Quiero cerrar este recorrido volviendo a la Argentina. Entre nosotros torna y retorna
periódicamente el tópico del perdón y la reconciliación. Ya sea para negarle de plano toda
pertinencia a estos términos, o para acudir a ellos con la idea, según sospecho, de borrar
casi mágicamente las huellas de un pasado criminal. Por mi parte, entiendo –a la luz de lo
que han pensado otros, aquí, esencialmente Hannah Arendt– que una reflexión sobre el
perdón y la reconciliación no puede, en el terreno político, escapar a la necesidad de
tomar muy en serio la exigencia del arrepentimiento de quien ha cometido hechos
horrendos –esto es, de su recuperación de la cualidad de persona, o para traducirlo en
términos más políticos, de ciudadano de una comunidad plural.

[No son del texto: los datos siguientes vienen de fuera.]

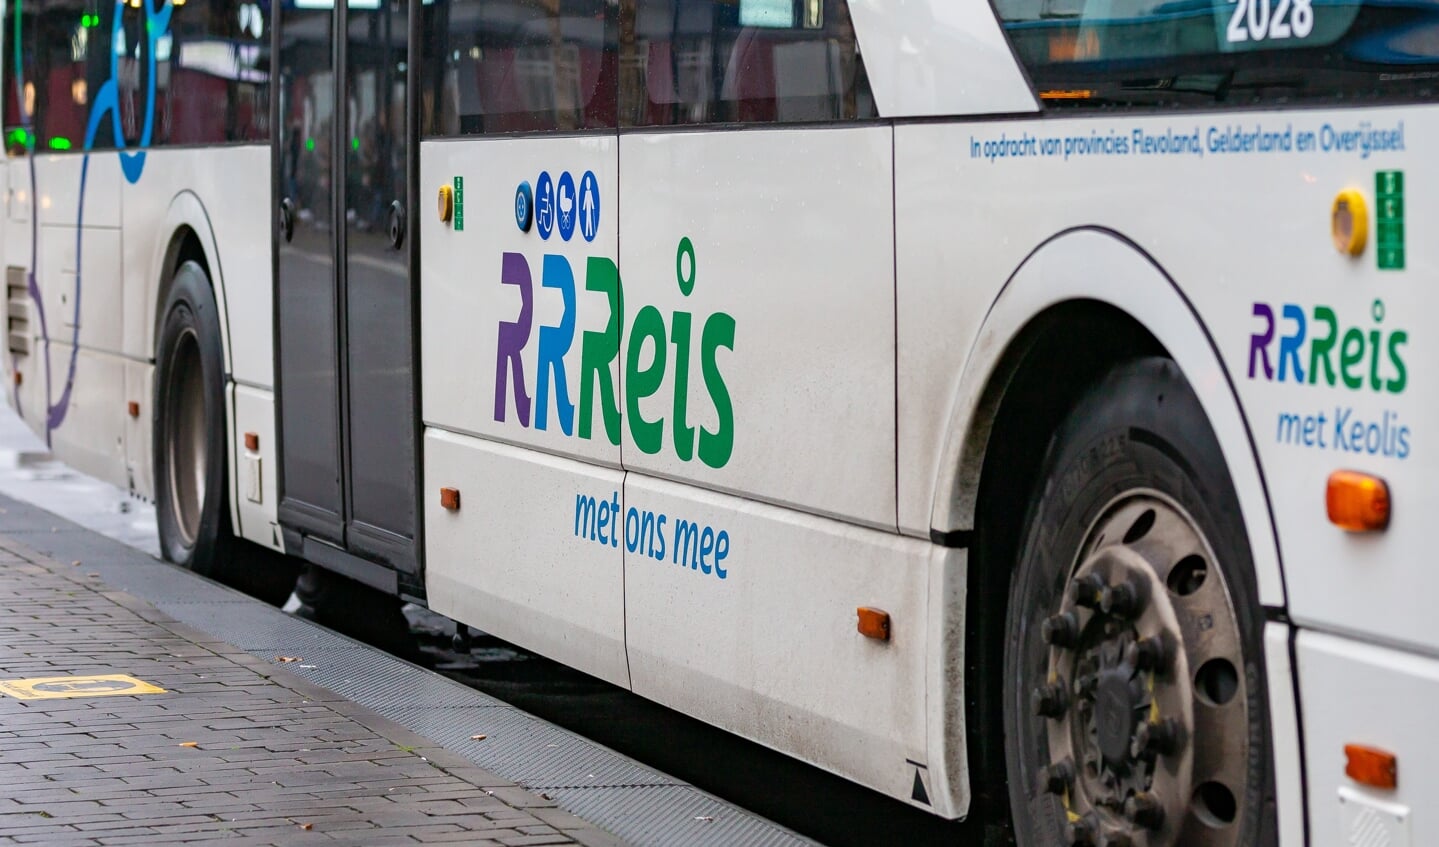 Busdienst Keolis van RRReis

Sólo quien se reconoce
como miembro de una comunidad plural –y que en tanto tal, ha recuperado la pluralidad
del diálogo consigo mismo- puede sentir arrepentimiento y demandar perdón –y
eventualmente ser susceptible de ser perdonado. He querido en este breve recorrido
contribuir a extraer la reflexión sobre el perdón de sus posibles manipulaciones
interesadas, e invitar a que nos detengamos a pensar con seriedad la relación -que tanto y
tan bien han pensado otros- entre el Mal extremo y su banalidad, entre el arrepentimiento
y el perdón.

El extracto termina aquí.